• _EXERCISE DIRECTIONS_
Copy out each line below verbatim, skipping any picture.
(INFORMATION PROVIDED Opens)
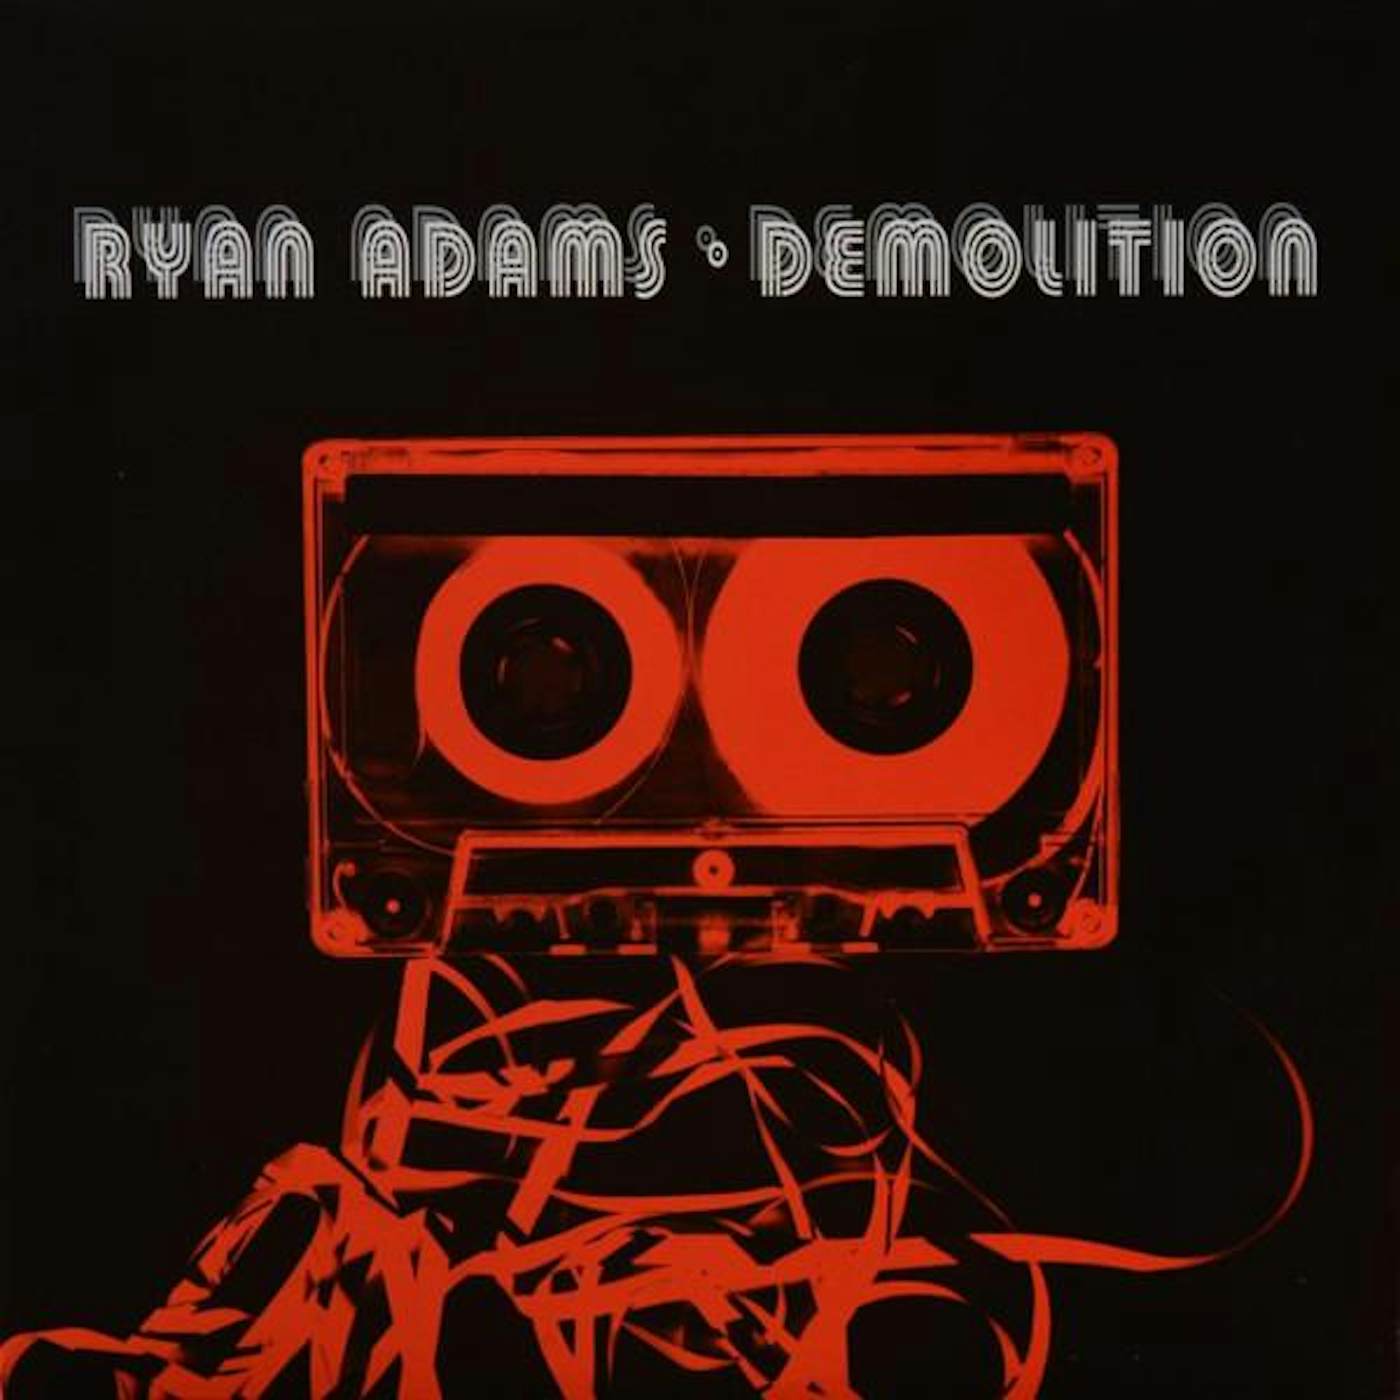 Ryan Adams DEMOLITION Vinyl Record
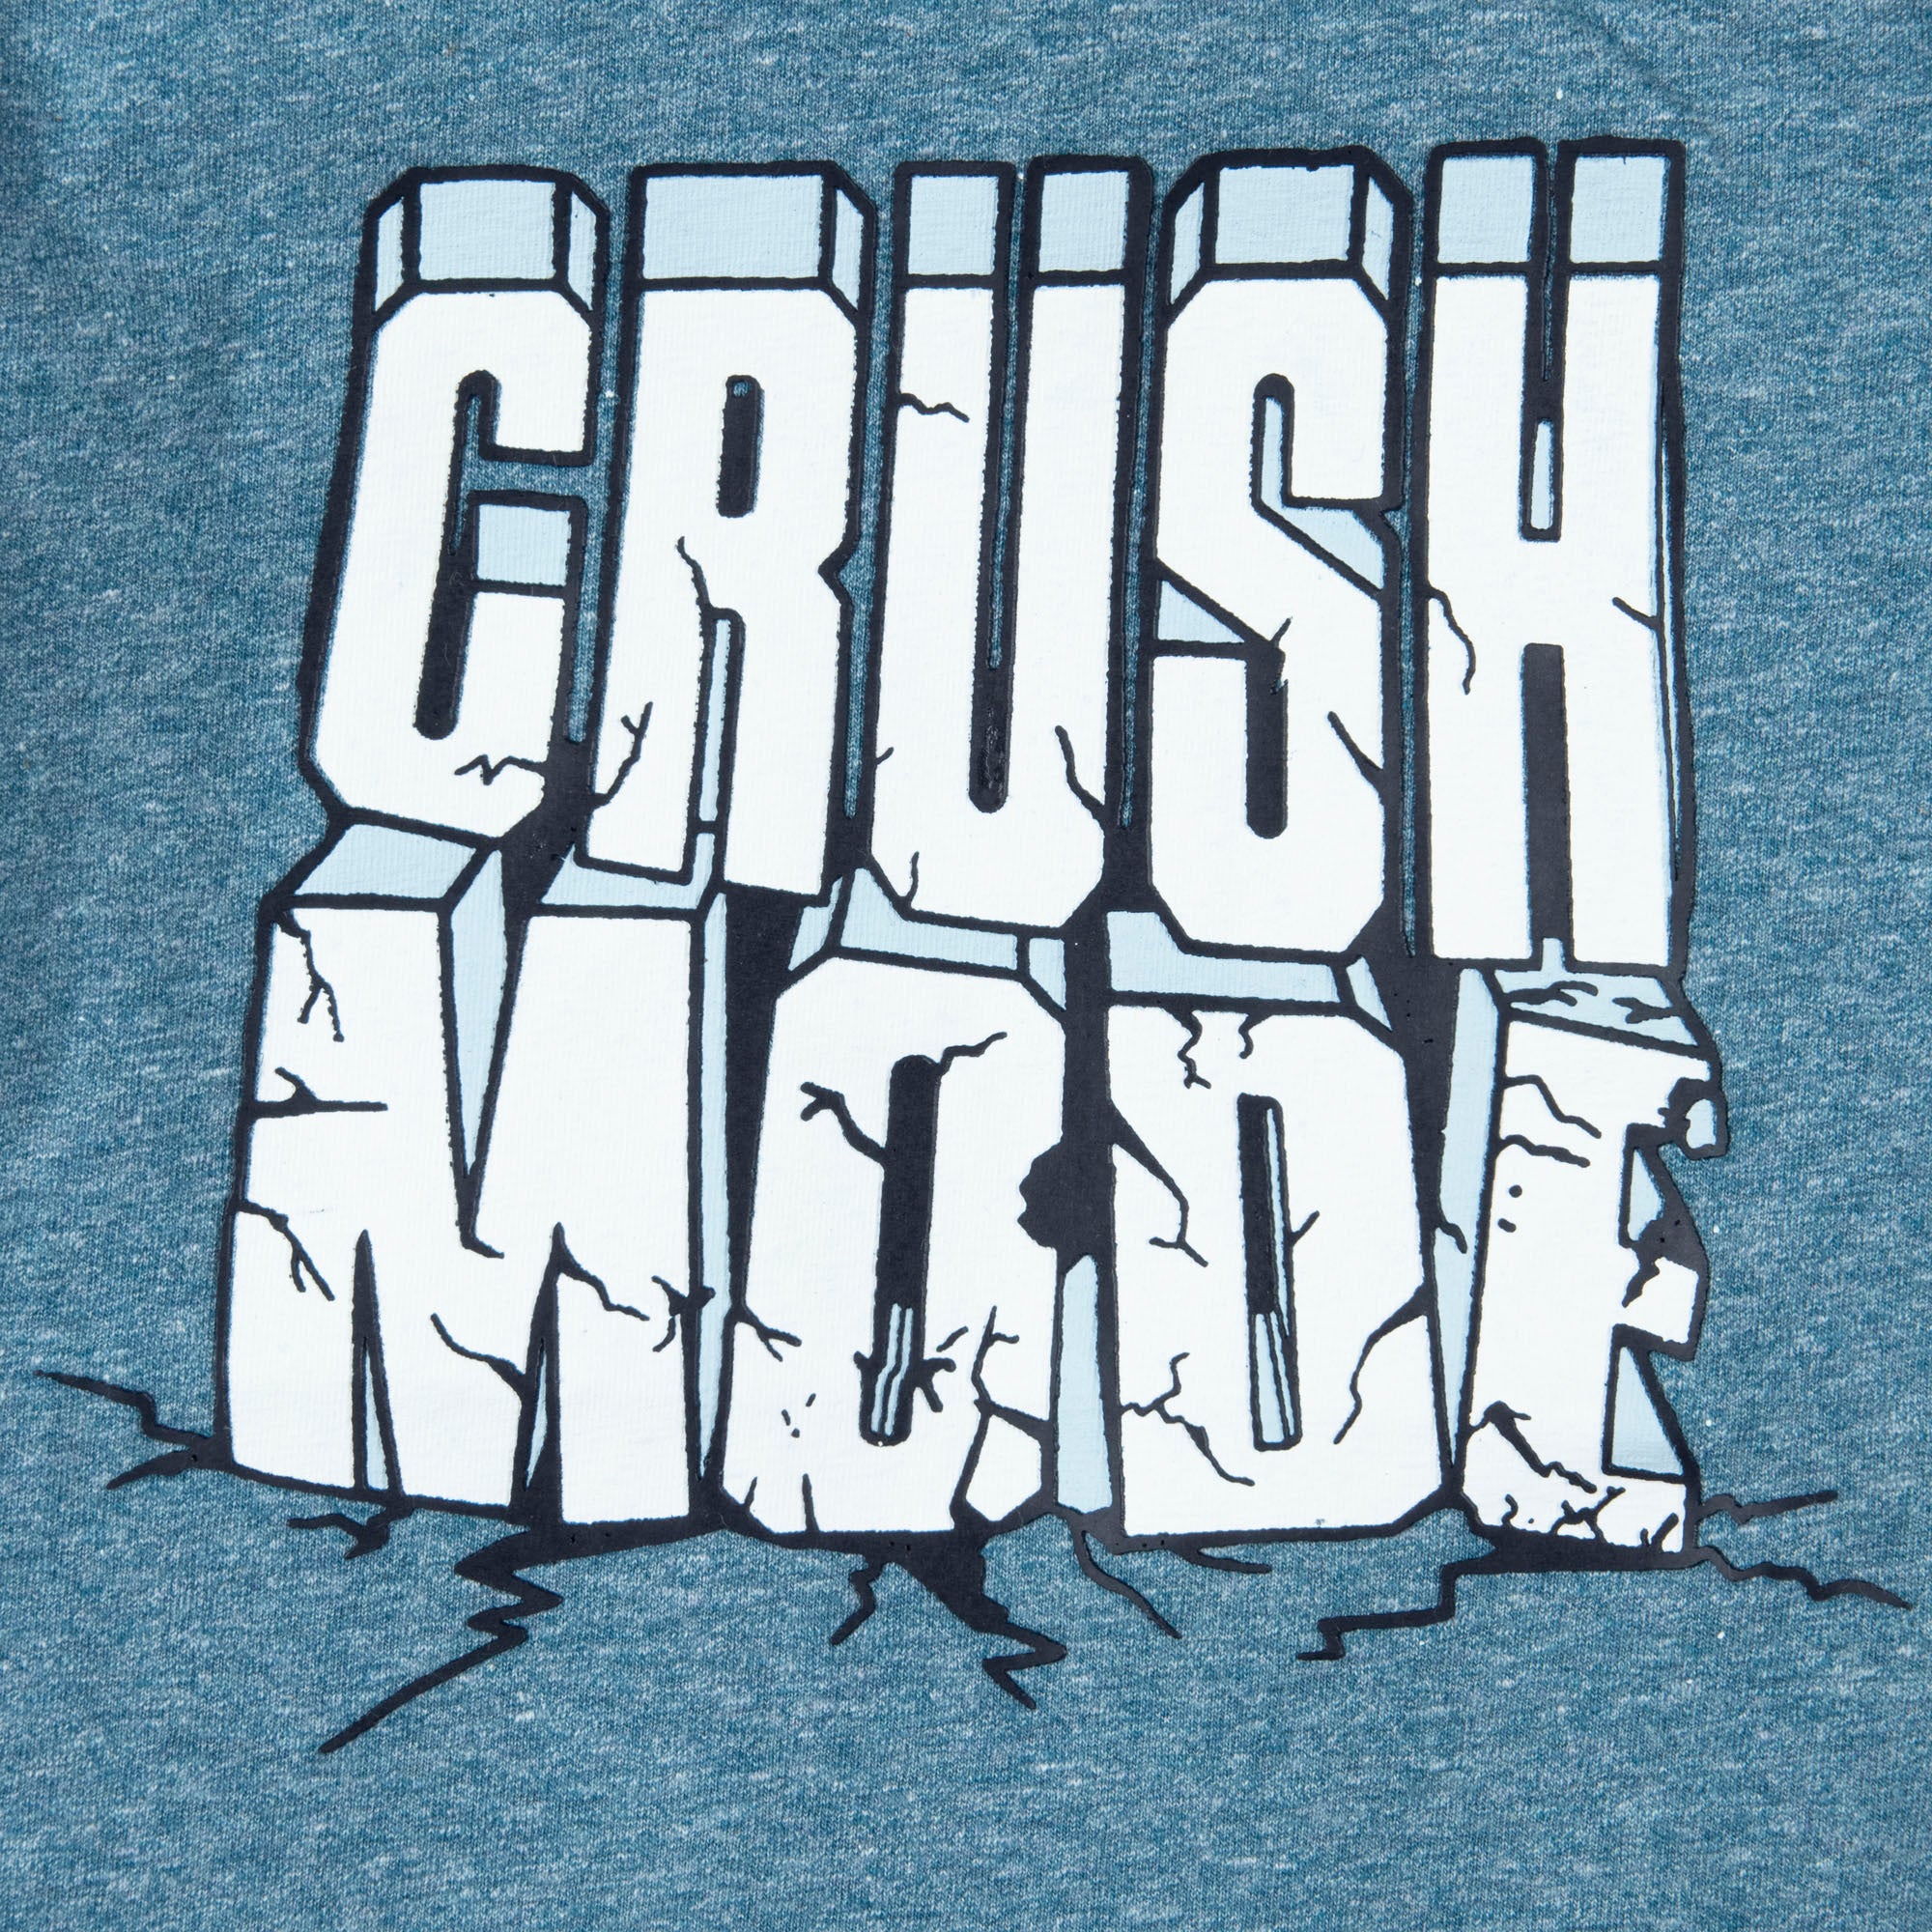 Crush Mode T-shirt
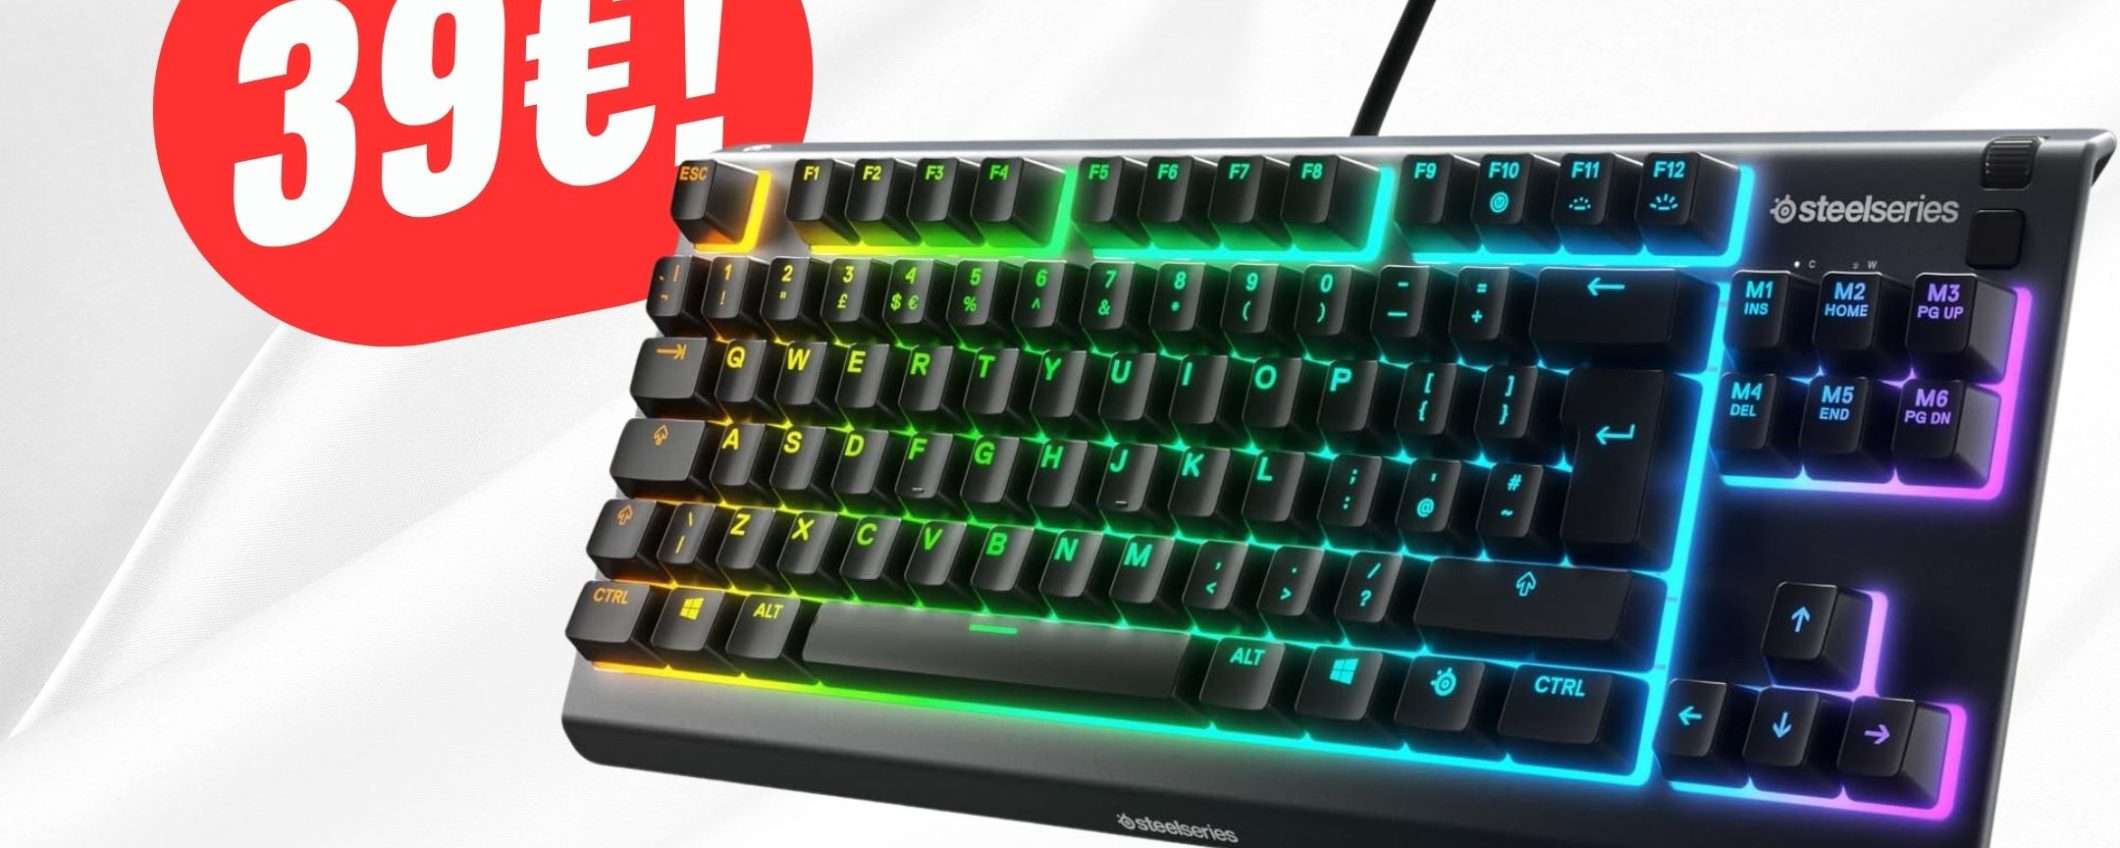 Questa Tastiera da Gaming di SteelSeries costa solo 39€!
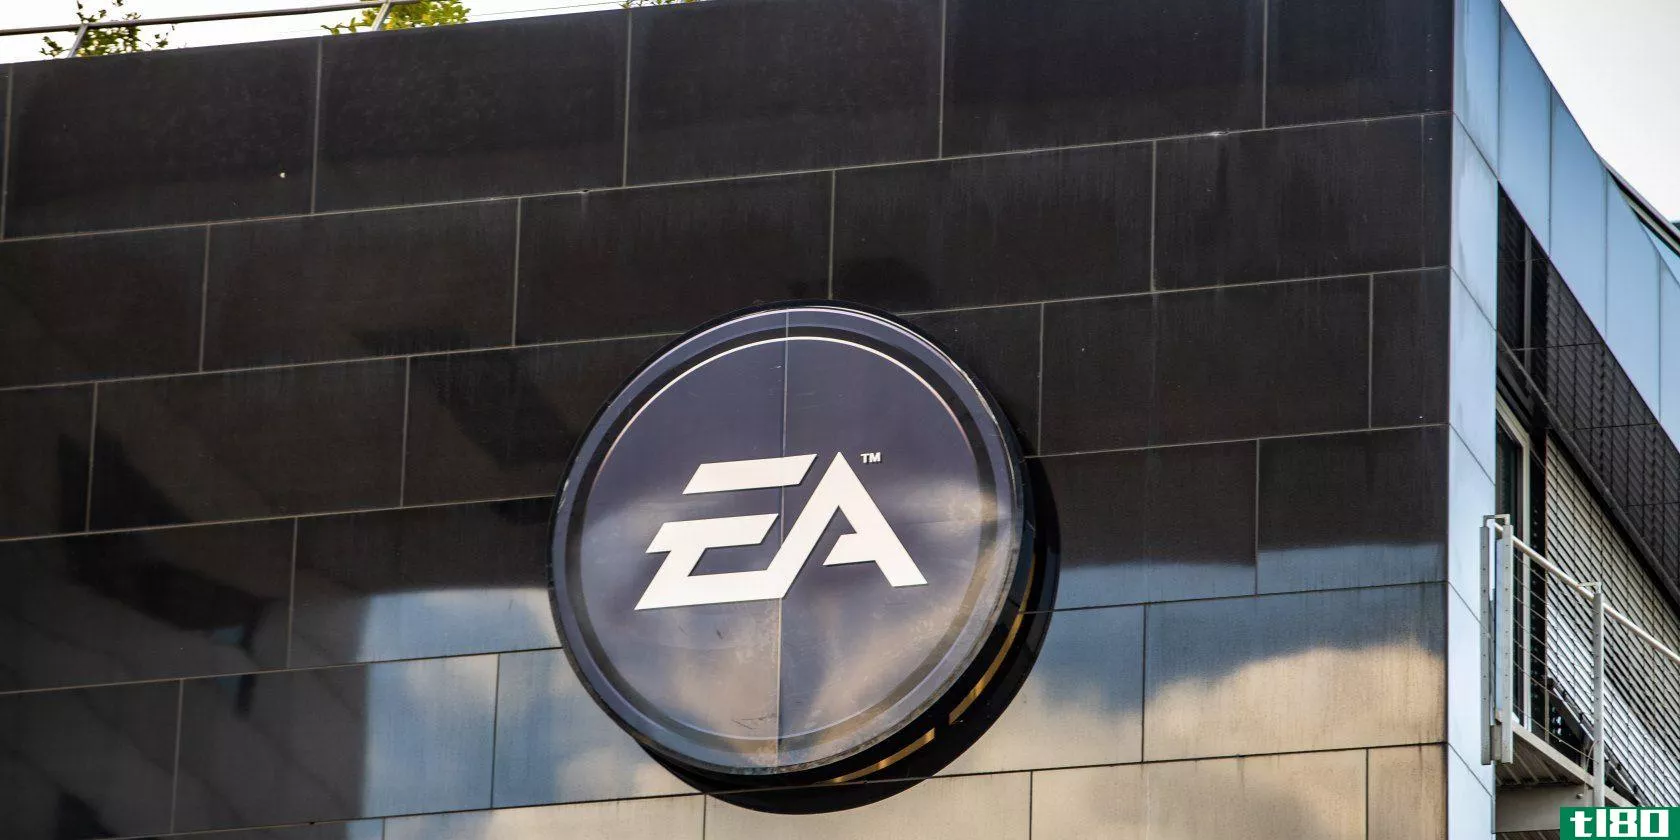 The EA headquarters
(INFORMATION PROVIDED Closes)
• _WRITTEN ANSWER_
 Ryan Adams DEMOLITION Vinyl Record
 Crush Mode T-shirt
 Questa Tastiera da Gaming di SteelSeries costa solo 39€!
 The EA headquarters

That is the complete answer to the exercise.